Reduce the value of gross estate : 1. Rufus, a wealthy widower, intends to gift property to his daughter, Jade, to reduce the value of his gross estate. Which property is best for Rufus to keep?
Differences between juveniles and adults : Consider the cycle of juvenile justice along with the biological and sociological differences between juveniles and adults.
Ebook problem walk-through current and quick ratios : The Nelson Company has $1,287,500 in current assets and $515,000 in current liabilities. Its initial inventory level is $370,000, and it will raise funds as add
Discuss any of causes of organizational conflict : Discuss any of the causes of organizational conflict(s). Then discuss how best to handle the issues of the conflict(s) that you chose.
Find the approximate market value of a long position : Find the approximate market value of a long position in an FRA at a fixed rate of 5 percent in which the contract expires in 20 days

Reviews

Write a Review

Finance Basics Questions & Answers

  What are some of the more common challenges encountered

What are some of the more common challenges or problems encountered by the firm in this regard, and what are the possible solutions? Explain your answers. Provide references.

  Calculate the average collection period for each year

The Robinson Company from Problem 2 had net sales of $1,200,000 in 2010 and $1,300,000 in 2011.
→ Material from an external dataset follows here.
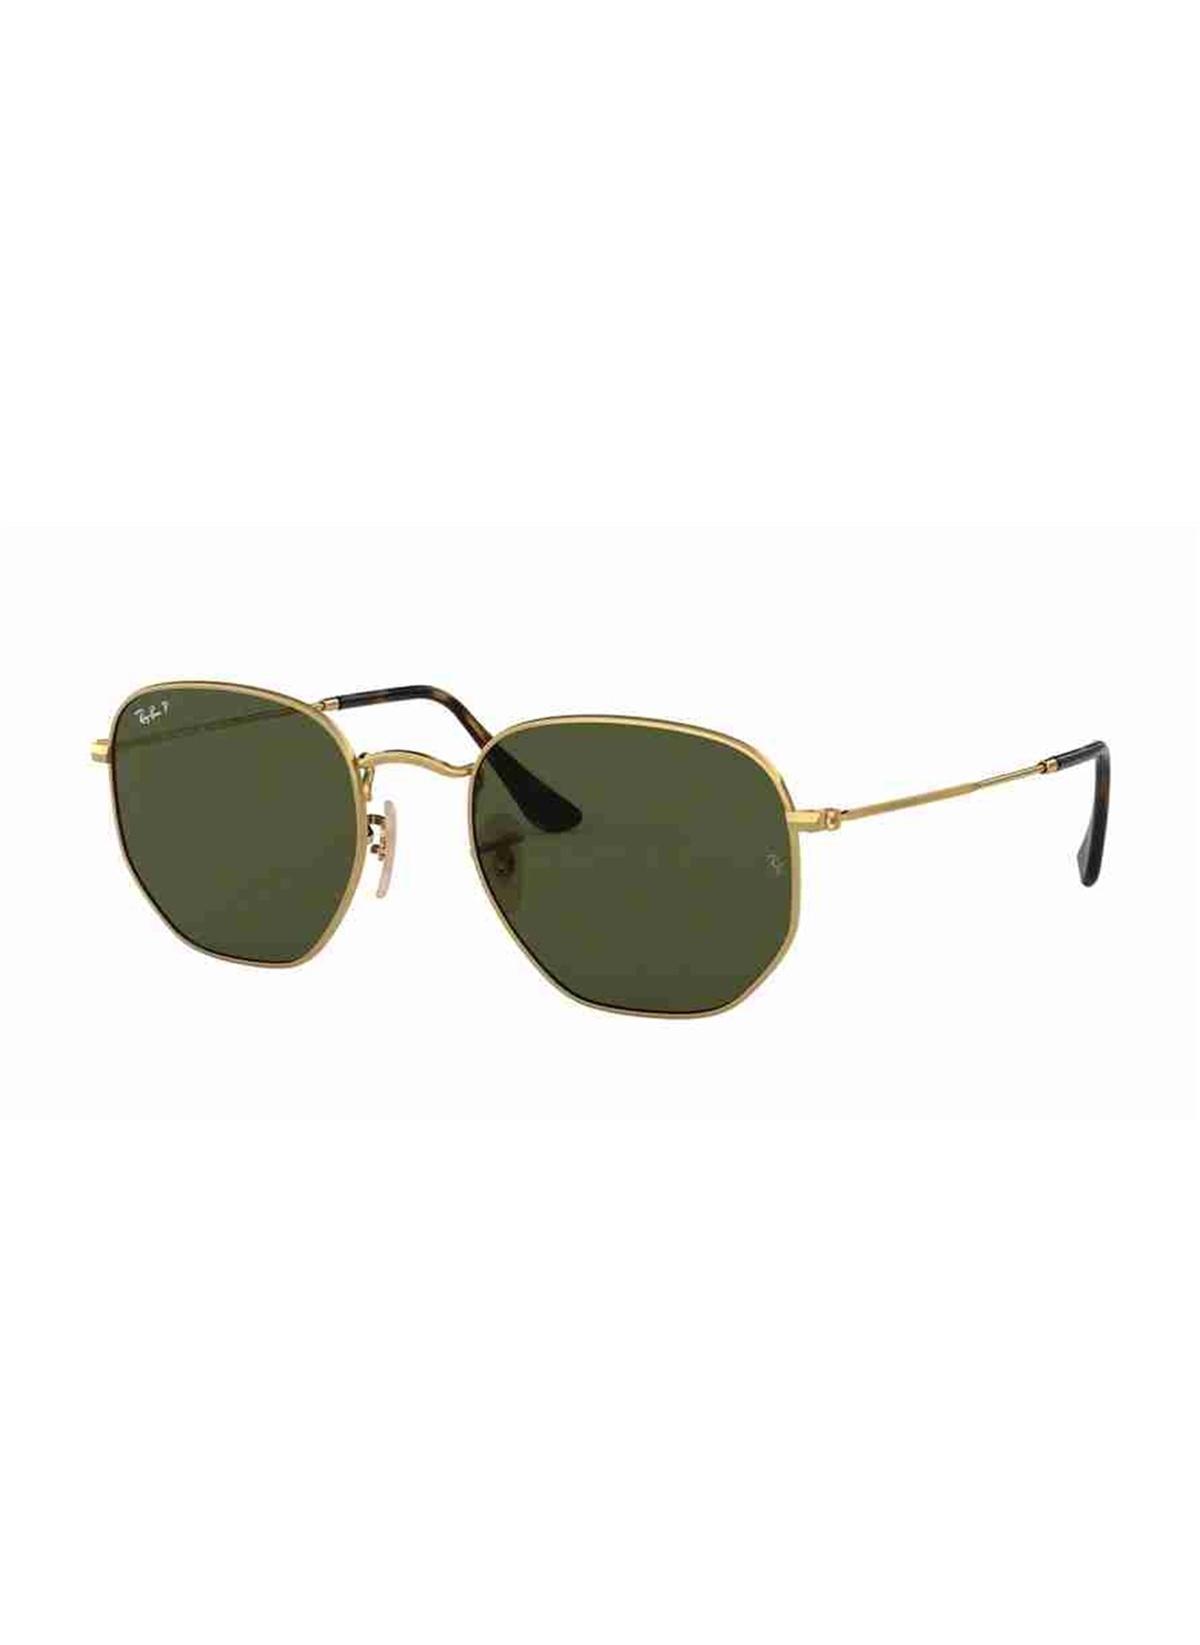 Ray-Ban Unisex Güneş Gözlüğü Renksiz Standart Beden

  Evaluate potential projects

What weighted average cost of capital should you use to evaluate potential projects? Express your answer in percentage

  Highlight assumptions made

Highlight any assumptions made. Should the Irish firm make this investment? Make a case to support your decision.

  Create a histogram for the annual percentage return data

Using excel, create a histogram for the annual percentage return data. Using excel, calculate the variance, standard deviation, and geometric average return.
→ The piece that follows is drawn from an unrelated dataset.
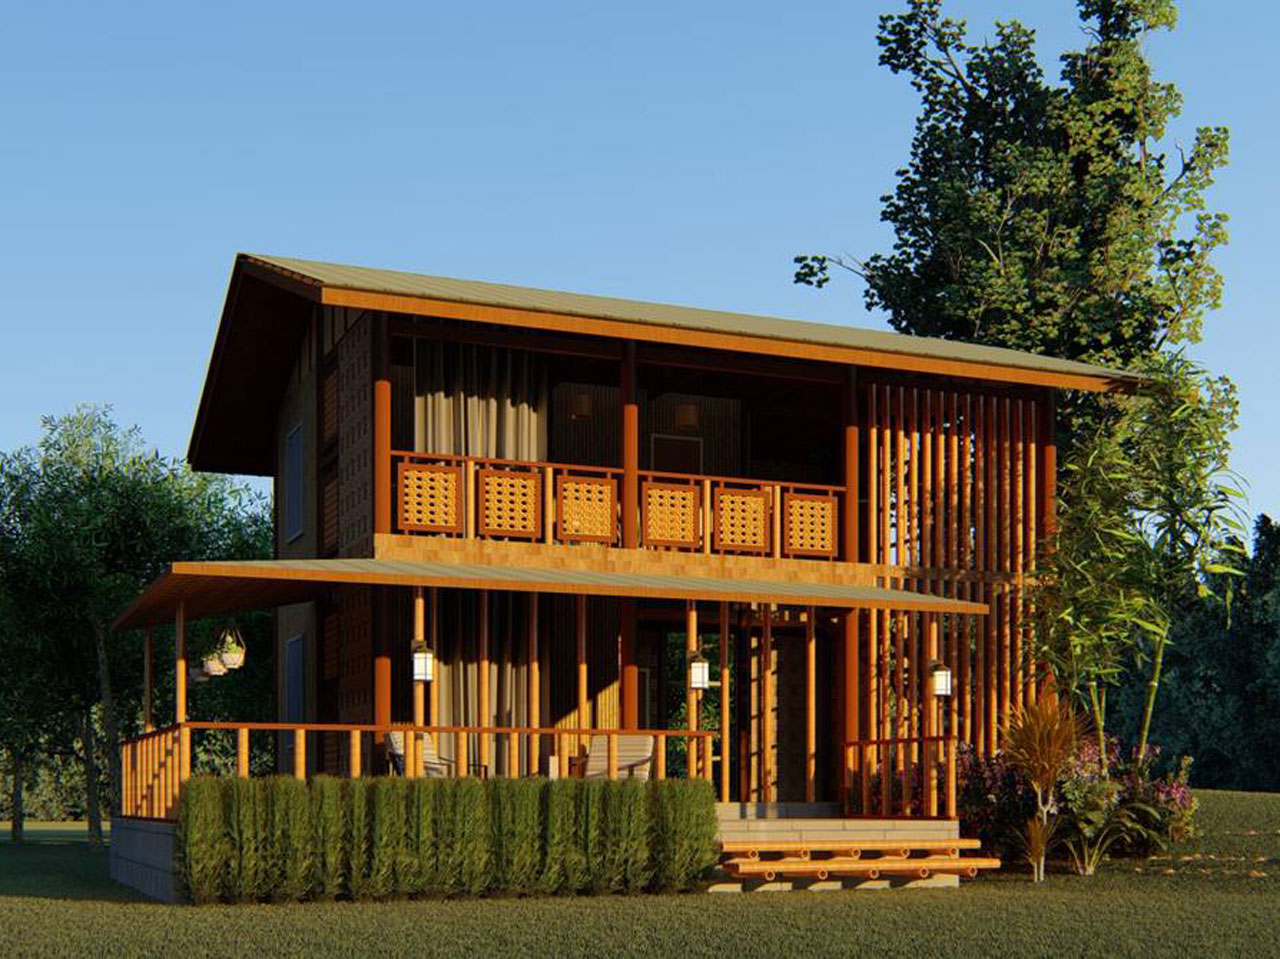 Desain Rumah Bambu Minimalis Modern

  In this problem we have assumed that the level of expected

payne products sales last year were an anemic 1.6 million but with an improved product mix it expects sales growth to

  What is the expected return and volatility of investment

Suppose you have INR 1,00,000 in cash, and you decide to borrow another INR 50,000 at 8% p,a, to invest in stock market. You invest the entire 1,50,000 in a por

  What is business ethics in banking sector

What is business ethics in banking sector, and why it is important for all stakeholders and the public?

  What is a eurodollar if a french citizen deposits 10000 in

what is a eurodollar? if a french citizen deposits 10000 in chase bank in new york have eurodollars been created? what

  Calculate the variance and standard deviation

It is not necessary to calculate the variance and standard deviation, as it is obvious that there is less risk with insurance.

  Design strategies to improve products

With whom should you consult about design strategies to improve products/services and why would you consult with these individuals or groups?

  Doug heffernan is considering purchasing a bond

If the YTM on this bond is 7.50 percent, how much should Doug pay for this bond if she purchases the bond today?

Free Assignment Quote

Assured A++ Grade

Get guaranteed satisfaction & time on delivery in every assignment order you paid with us! We ensure premium quality solution document along with free turntin report!